As cidades sempre têm alguns recantos boêmios onde os intelectuais, artistas, políticos e cidadãos/ãs comuns se encontram para bate-papo e outros fins. São músicos interessados em novidades na área, poetas em busca de inspiração, artistas plásticos, pensando as tendências e mudanças na estética artística, articuladores políticos, que se encontram na costura de seus acertos e conchavos. Pessoas simples, trabalhadores que se encontram para uma boa conversa de amigos, ouvir uma música rara ou antiga.
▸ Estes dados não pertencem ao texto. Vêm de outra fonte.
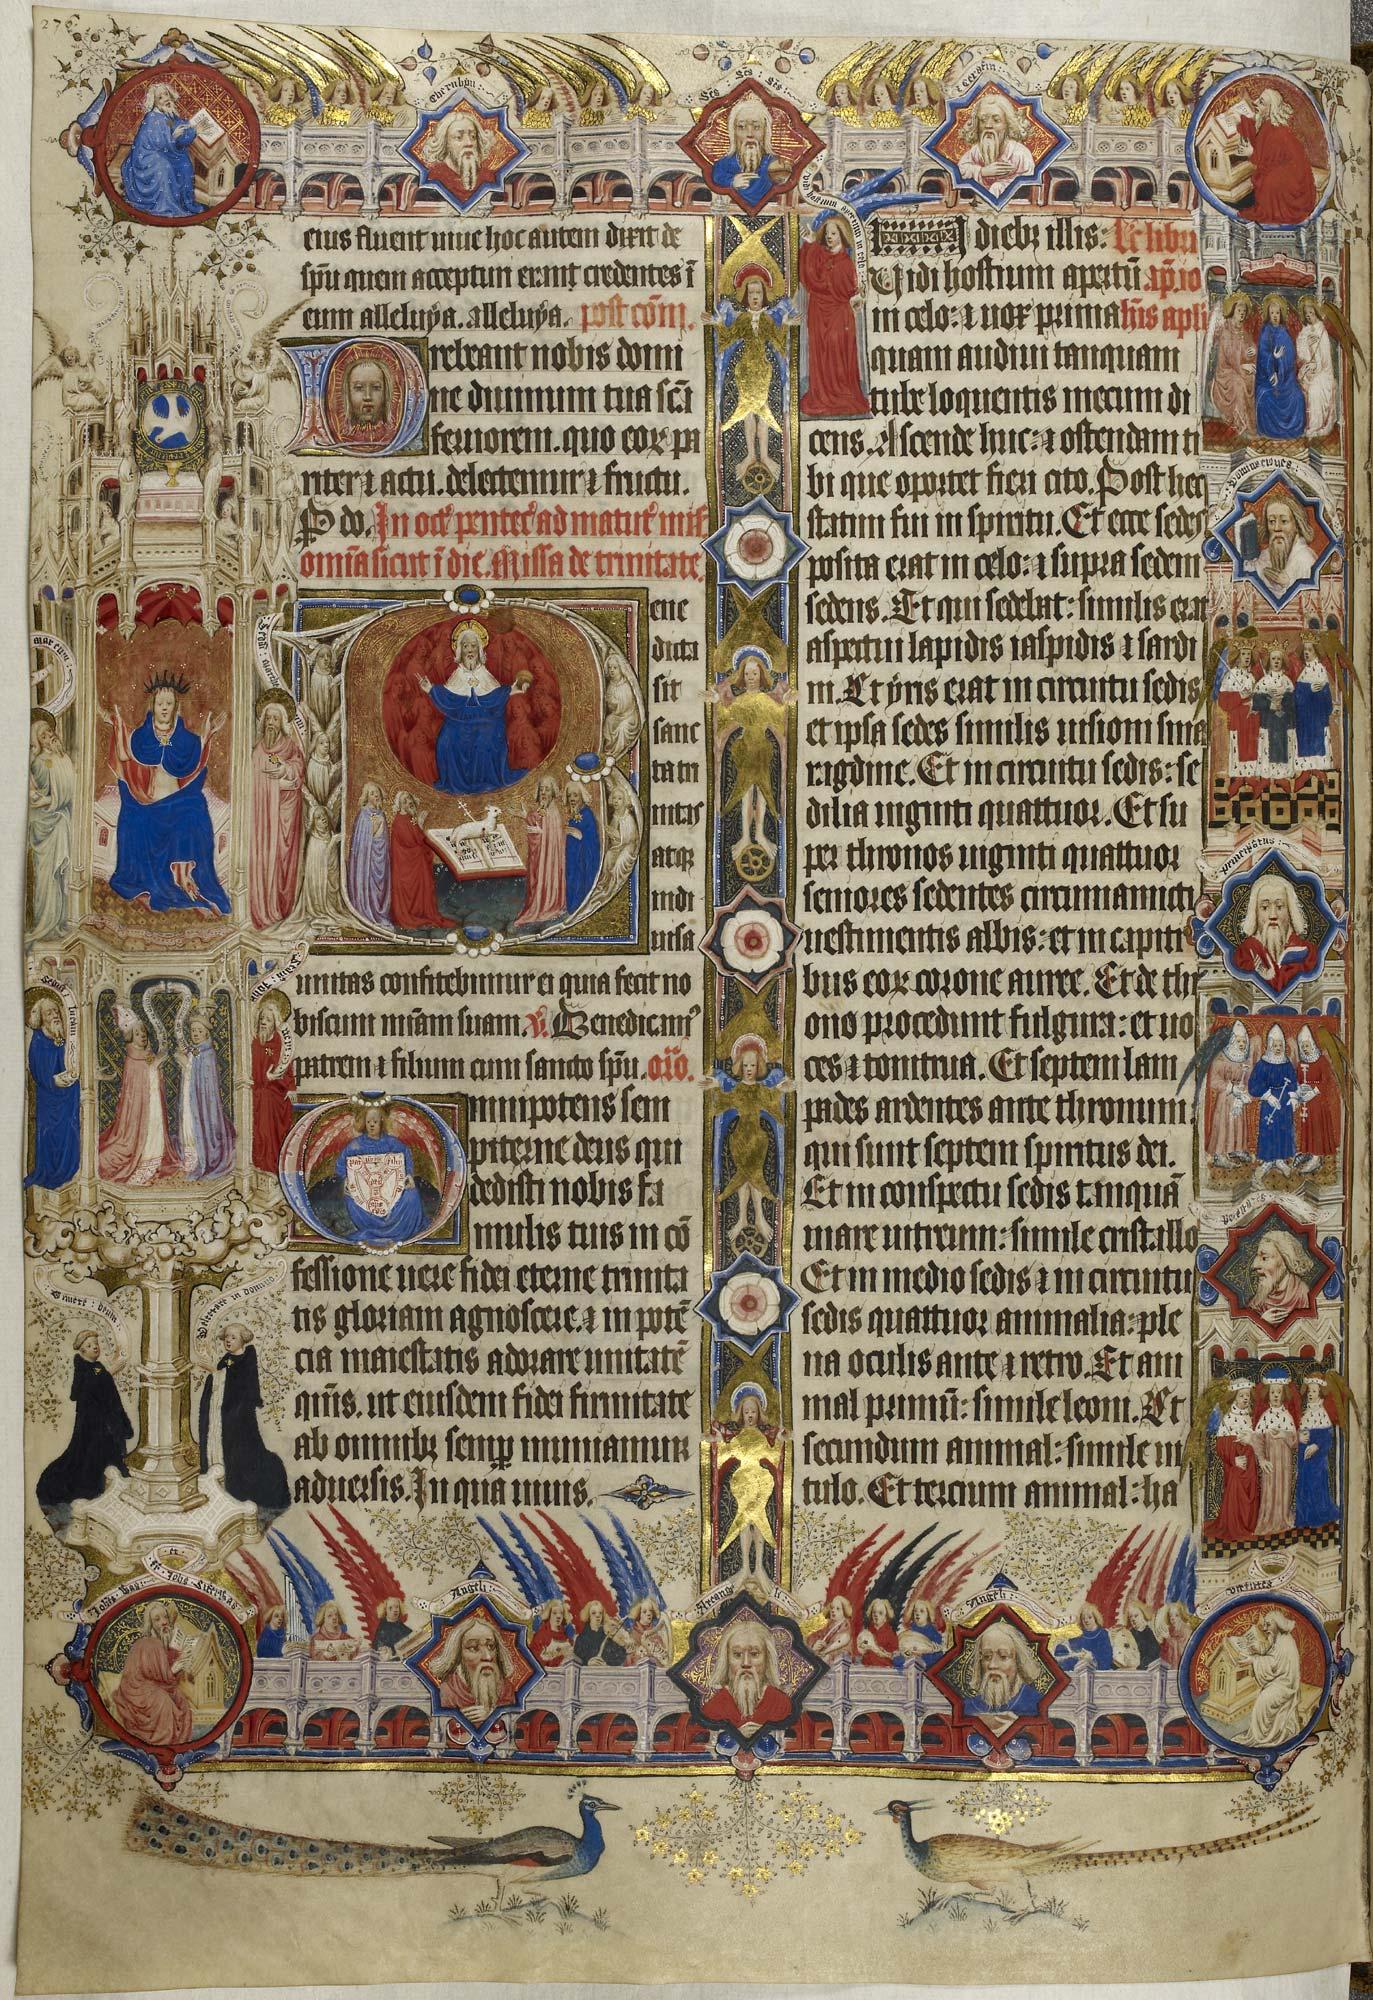 The Sherborne Missal f.276

Todos, quase sempre, também interessados em degustar uma boa cerveja, quitutes e outras iguarias. De modo que alguns desses espaços fazem parte da vida das cidades de forma muito marcante. Assumem um valor simbólico e de interação social e cultural que extrapola o mero conversê, a mera bebericagem tão comuns nesses recantos. Incutem novos valores, novos padrões culturais, agregam valor a um bairro e até a uma cidade.
No Maranhão poderíamos lembrar de vários cantos assim com essa simbologia e significação. Um dos mais importantes, algumas décadas atrás, a Movelaria Guanabara, na Rua do Sol, cumpriu um papel destacado no campo das artes pláticas. Os encontros, debates e exposições que lá ocorriam serviram para incutir novos rumos nas artes plásticas do Maranhão.
O Moto Bar, no Largo do Carmo, também teve seus momentos de glória como espaço charmoso de boemia e grandes encontros.
Mais recentemente, há pelo menos 15 anos, o Bar do Léo, no Horto do Vinhais, antiga Cobal, vem cumprindo um papel da maior relevância para aquele entreposto, uma vez que o charme e o zelo do espaço agrega um valor extraordinário àquele mercado. O único horto em pleno funcionamento ainda em São Luís. Em parte, em função do papel chamativo que aquele Bar exerce alí. O Bar do Léo, hoje não é só um bar, ou ponto de encontro de amigos. Vai muito além.
Hoje aquele espaço cumpre um papel que nem mesmo o Estado por aqui tem cumprido. Um espaço de preservação e inovação artístico-cultural. É, são coisas complementares, indissociáveis, apesar de alguns acharem que são inconciliáveis. O Bar do Léo reúne seguramente o maior acervo de música brasileira do Maranhão, quiçá, do Brasil, entre relíquias em milhares de fitas k7, LP’s, 78 rotações, rolos e cd’s, e lançamentos da fina flor da nossa música. E nesse aspecto o Léo é exigente.
Expõe em suas paredes, tetos e prateleiras, entre centenas de fotografias, gravuras e outras pinturas, uma plural coleção de peças e apetrechos da rica cultura popular brasileira e maranhense. Objetos da cultura indígena, quinquilharias do cotidiano do homem do campo, coisas da floresta, como cipós, vagens e outras espécies raras.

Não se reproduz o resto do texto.